If we round 1.85 to two significant digits, the result is 1.8 with round to even and 1.9 with round to odd.

There are several reasons for preferring to break ties with round to even.

  • In bases 2 and 10 a subsequent rounding to one less place does not involve a tie. Thus we have the rounding sequence 2.445, 2.44, 2.4, 2 with round to even, but 2.445, 2.45, 2.5, 3 with round to odd.
  • For base 2, round to even results in integers more often, as a consequence of producing a zero least significant bit.
  • In base 10, after round to even a rounded number can be halved without error.

IEEE Standard 745 for floating-point arithmetic supports three tie-breaking methods: round to even (the default), round to the number with larger magnitude, and round towards zero (introduced in the 2019 revision for use with the standard’s new augmented operations).

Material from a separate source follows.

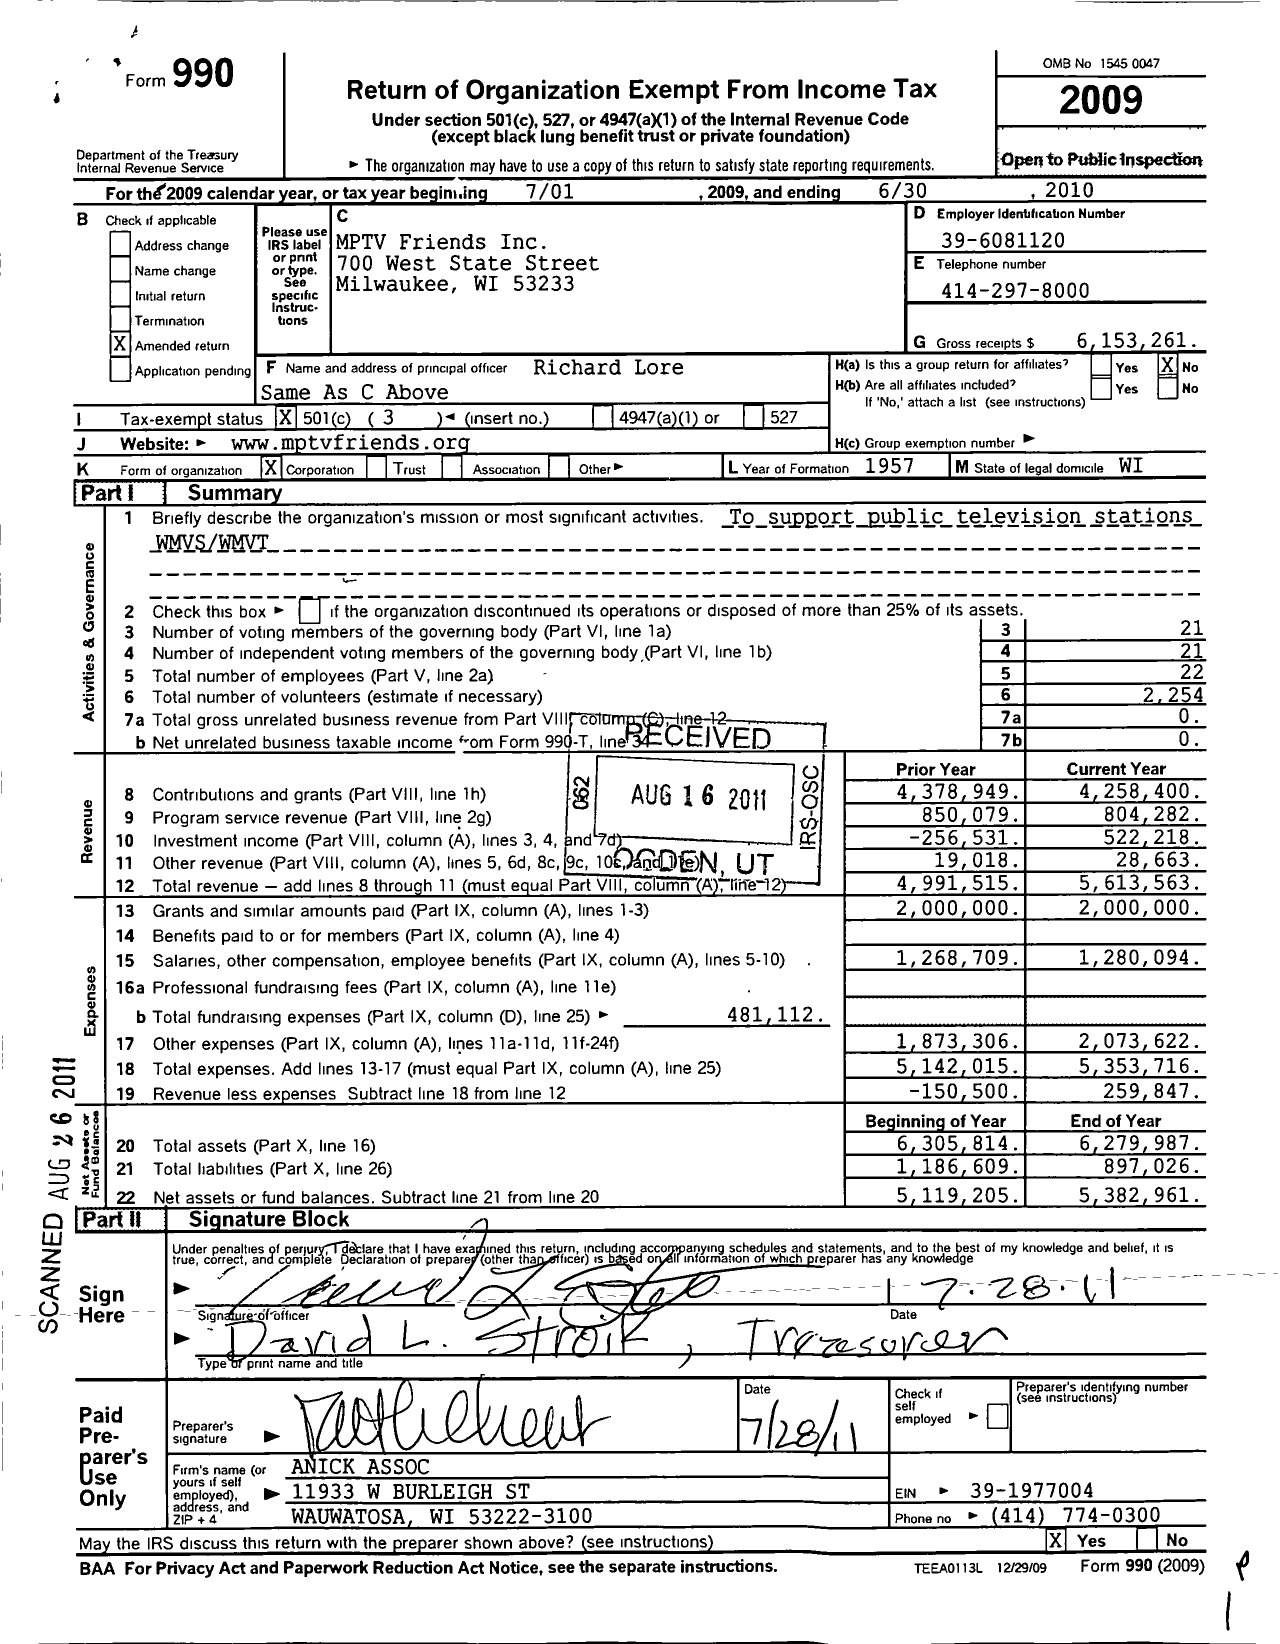 Image of first page of 2009 Form 990 for Milwaukee Public Television (MPTV)
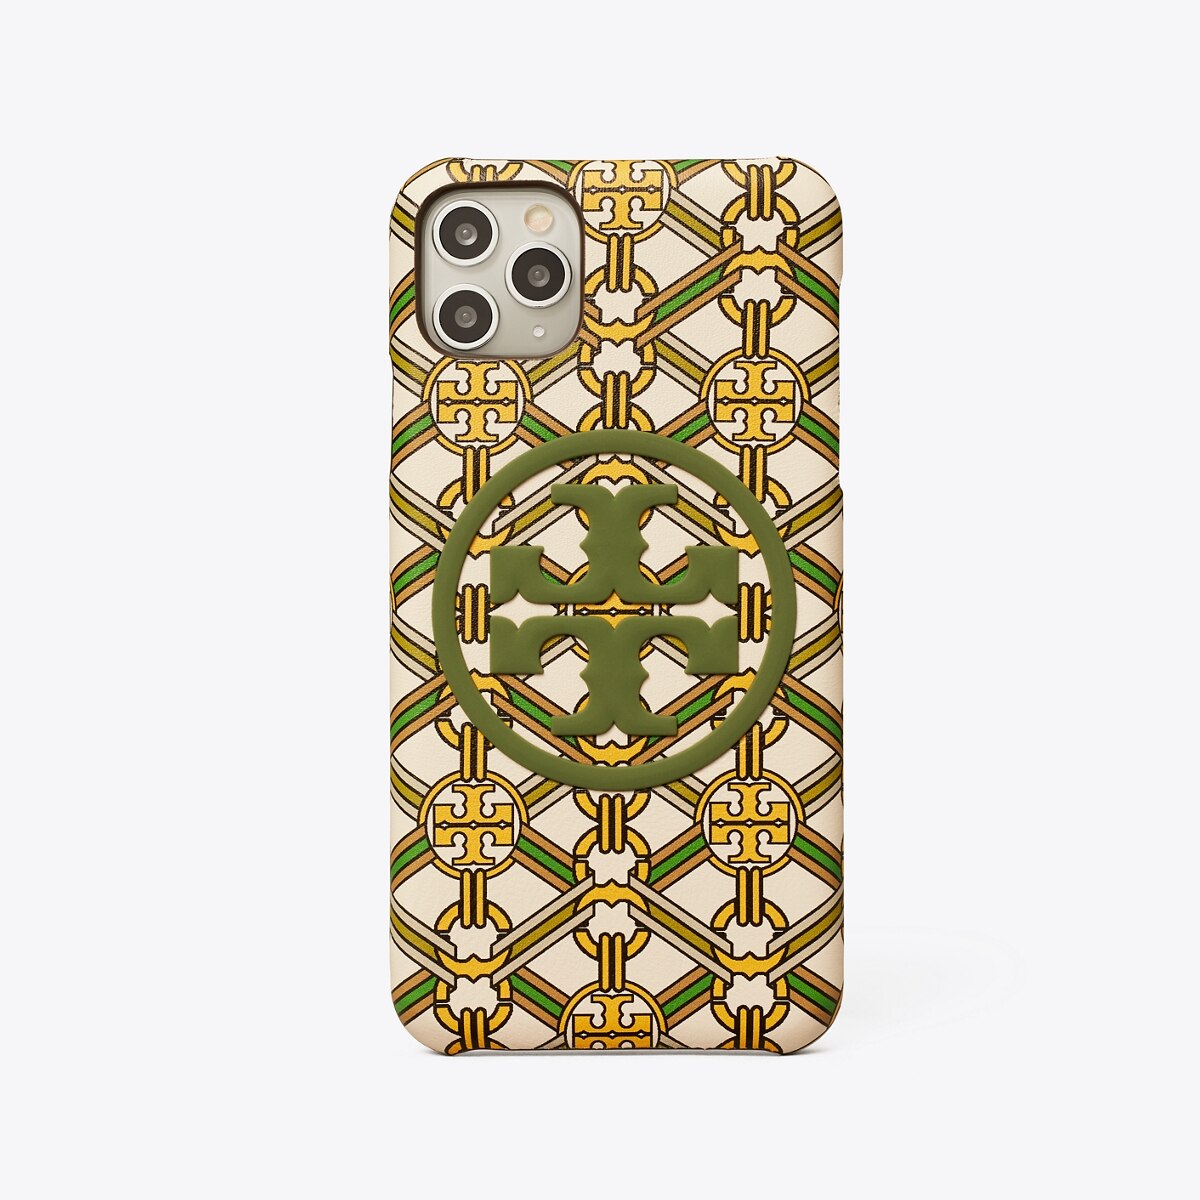 Perry Bombé Printed Phone Case for iPhone 11 Pro Max: Women's

The tie-breaking rule taught in UK schools, for decimal arithmetic, is to round up on ties. The rounding rule then becomes: round down if the first digit to be dropped is 4 or less and otherwise round up.

Round Towards Plus or Minus Infinity

Another possibility is to round to the next larger number with the specified number of digits, which is known as round towards plus infinity (or round up). Then 1.85 rounds to 1.9 and -2.34 rounds to -2.3. Similarly, with round towards minus infinity (or round down) we round to the next smaller number, so that 1.85 rounds to 1.8 and -2.34 rounds to -2.4.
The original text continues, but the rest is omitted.